Toolkit materials include:
  • A 4-page overview that summarizes key findings from the research synopsis and policy brief.
     
  • A policy brief that reviews evidence of park inequities in the Los Angeles region, lays out a framework for achieving park equity, and sets forth policy recommendations.
     
  • A research synopsis that describes the findings from new research linking availability of parks and life expectancy at the census tract-level in Los Angeles County.
     
  • Three community profiles that highlight the work of park equity advocates in Boyle Heights and unincorporated East Los Angeles; Panorama City, Pacoima, and Sun Valley; and South Los Angeles and summarize local park equity and life expectancy data.
     
  • Spanish translations of the 4-page overview and the community profiles.

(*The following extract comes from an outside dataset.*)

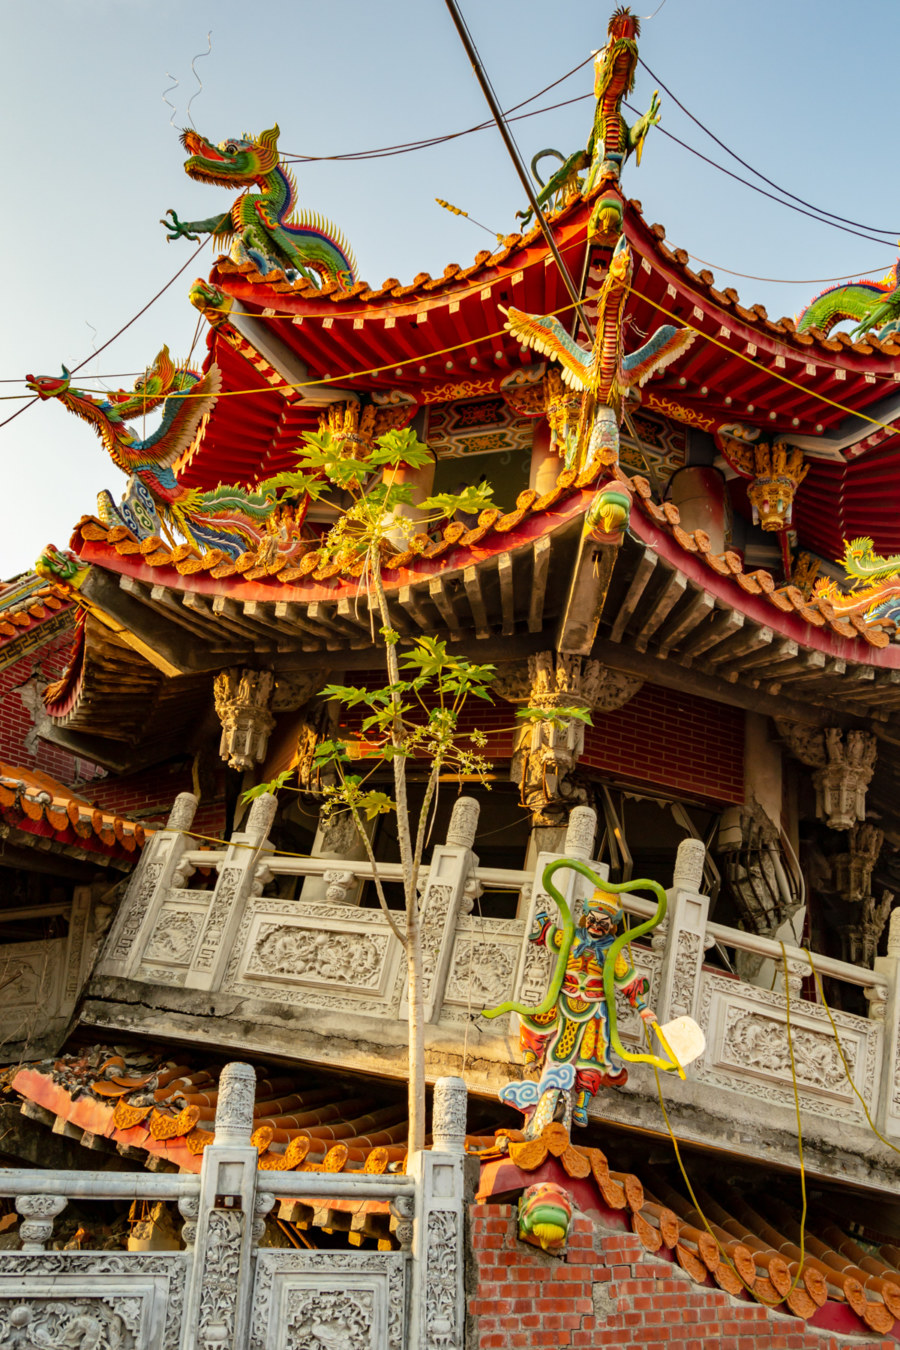 Wuchang Temple at an Odd Angle

LA County voters have enacted two countywide parcel tax measures (Measure A, the Safe, Clean Neighborhood Parks and Beaches Measure of 2016, and Measure W, the Safe, Clean Water Act of 2018) and a statewide bond (Proposition 68, the California Drought, Water, Parks, Climate, Coastal Protection, and Outdoor Access for All Act of 2018) that will generate hundreds of millions of dollars for parks, open space, and stormwater-related green infrastructure. These measures, now in their implementation phases, hold the potential to build or revitalize parks and green space in the LA region’s highest need communities. Strategically spent, the revenue from these measures could set us on a path to eliminate the region’s deplorable park inequities while reducing associated health inequities and gaps in life expectancy.

But achieving park equity will require more than investments. It will require transforming policies and practices to prioritize investments in communities experiencing the greatest park deficits, engage in meaningful community engagement, collect and make publicly available data on park inequities, fund technical assistance and capacity-building funds to support community-based organizations to be active players in parks and land-use decision-making, and ensure transparency and community oversight of park investments.